Patients had confirmed AML and were ineligible for intensive induction therapy because of medical comorbidities and/or older age (≥75 years). Patients who received a prior hypomethylating agent were excluded. Randomization was performed 2:1 to AZA + VEN (AZA 75 mg/m2 subcutaneously or intravenously on days 1-7 per 28-day cycle and once-daily 400-mg VEN orally on days 1-28, with a 3-day ramp-up in cycle 1; N = 286) or AZA + PBO (AZA 75 mg/m2 on days 1-7 per each 28-day cycle and once-daily PBO orally on days 1-28; N = 145). The primary end point was overall survival (OS); secondary end points were composite complete remission (CR; CR + CR with incomplete hematologic recovery [CRi]), CR + CRi by the start of cycle 2, CR, transfusion independence (red blood cells or platelets), as well as CR + CRi and OS by various molecular subgroups, and event-free survival.
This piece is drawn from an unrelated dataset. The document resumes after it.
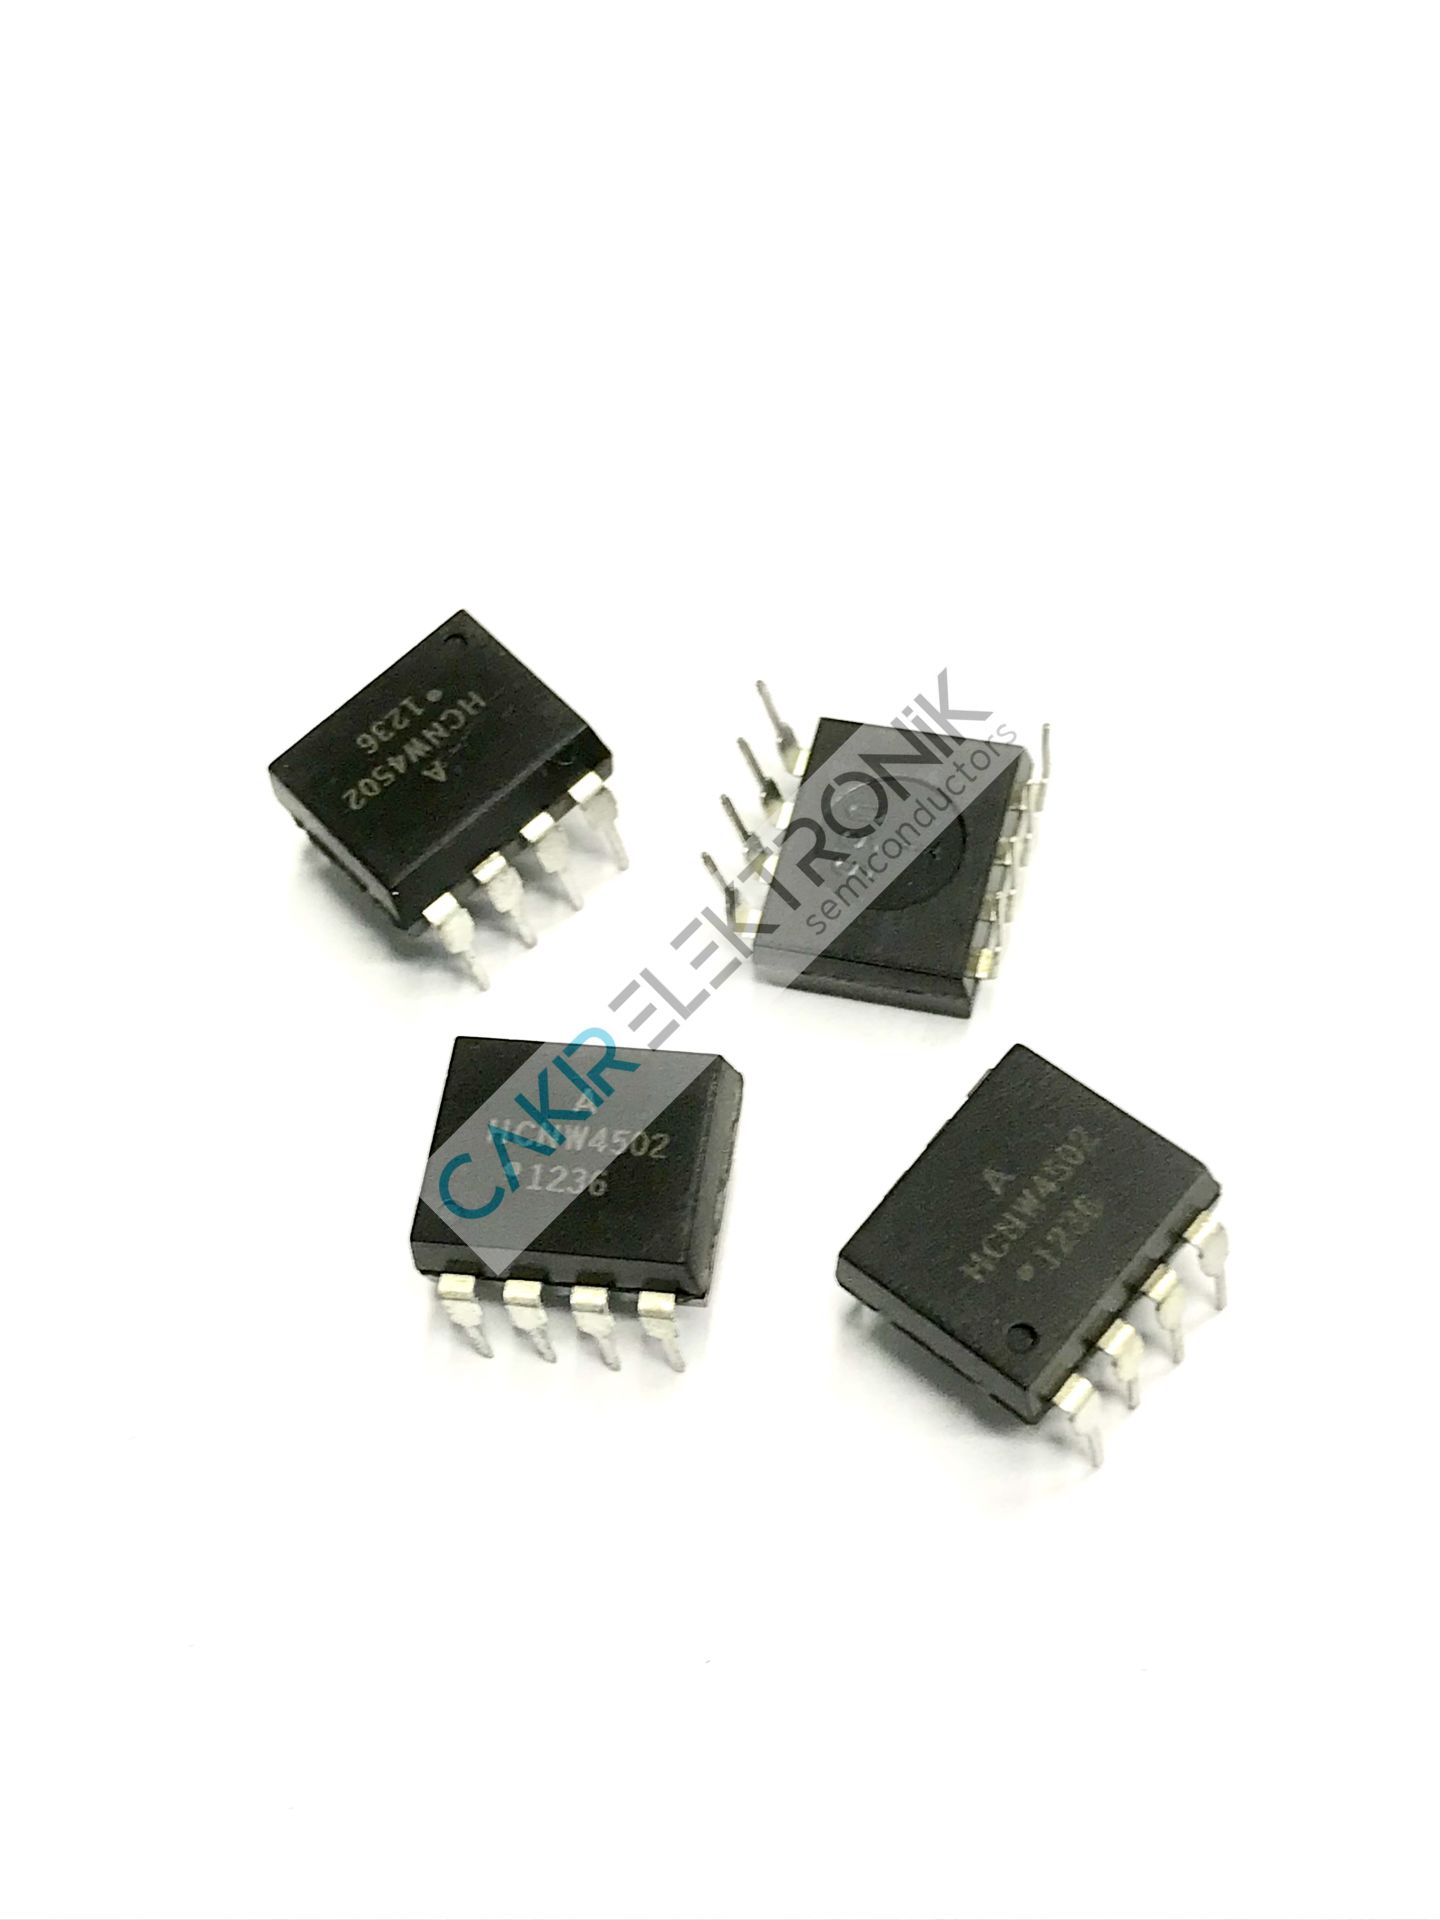 HCNW4502 - A4502 - 4502 OPTO ,Single Channel, High Speed Optocouplers

The median age was 76 years. The median OS was 14.7 months and 9.6 months in the AZA + VEN and AZA + PBO arms, respectively, at a median follow-up of 20.5 months (hazard ratio, 0.66; 95% confidence interval [CI], 0.52-0.85; P <.001), representing a 34% reduction in the risk for death. The median number of cycles was 7.0 and 4.5 in the AZA + VEN and AZA + PBO arms, respectively. CR + CRi was achieved by 66% and 28% of patients in the AZA + VEN versus AZA + PBO arms, respectively (P <.001). In the AZA + VEN arm, the median time to first CR or CRi was 1.3 months (95% CI, 0.6-9.9) and the duration of CR + CRi was 17.5 months; for the AZA + PBO arm, the median time to first CR or CRi was 2.8 months (95% CI, 0.8-13.2) and the duration of CR + CRi was 13.4 months. In the AZA + VEN arm, rates of CR + CRi in patients with poor and intermediate cytogenetic risk were 53% and 74%, respectively, whereas in patients with de novo and secondary AML, these rates were 66% and 67%, respectively. In the AZA + PBO arm, rates of CR + CRi in patients with poor and intermediate cytogenetic risk were 23% and 32%, respectively, whereas in patients with de novo and secondary AML, these rates were 30% and 23%, respectively.

Grade ≥3 hematologic adverse events (AEs) in the AZA + VEN versus AZA + PBO arms, respectively, included thrombocytopenia in 45% versus 38%, neutropenia in 42% versus 29%, febrile neutropenia in 42% versus 19%, anemia in 26% versus 20%, and leukopenia in 21% versus 12% of patients. Gastrointestinal AEs of all grades were common in both the AZA + VEN and AZA + PBO arms, including nausea in 44% and 35%, constipation in 43% and 39%, diarrhea in 41% and 33%, and vomiting in 30% and 23% of patients, respectively. Grade ≥3 AEs of note in the AZA + VEN versus AZA + PBO arms were febrile neutropenia in 30% versus 10% and pneumonia in 16% versus 22% of patients, respectively. Laboratory tumor lysis syndrome was observed in only 1% of patients in the AZA + VEN arm. The 30-day mortality rates were 7% (N = 21) and 6% (N = 9) for AZA + VEN and AZA + PBO, respectively.

The addition of VEN to AZA in treatment-naïve patients with AML ineligible for intensive therapy because of medical comorbidities and/or advanced age (≥75 years) produced statistically significantly greater response rates and OS versus AZA alone, with an acceptable safety profile.

Reference

DiNardo C, Jonas B, Pullarkat V, et al. A Randomized, Double-Blind, Placebo-Controlled Study of Venetoclax with Azacitidine vs Azacitidine in Treatment-Naïve Patients with Acute Myeloid Leukemia Ineligible for Intensive Therapy-VIALE-A. Presented at: 25th European Hematology Association Congress Virtual; June 11-21, 2020. Abstract LB2601.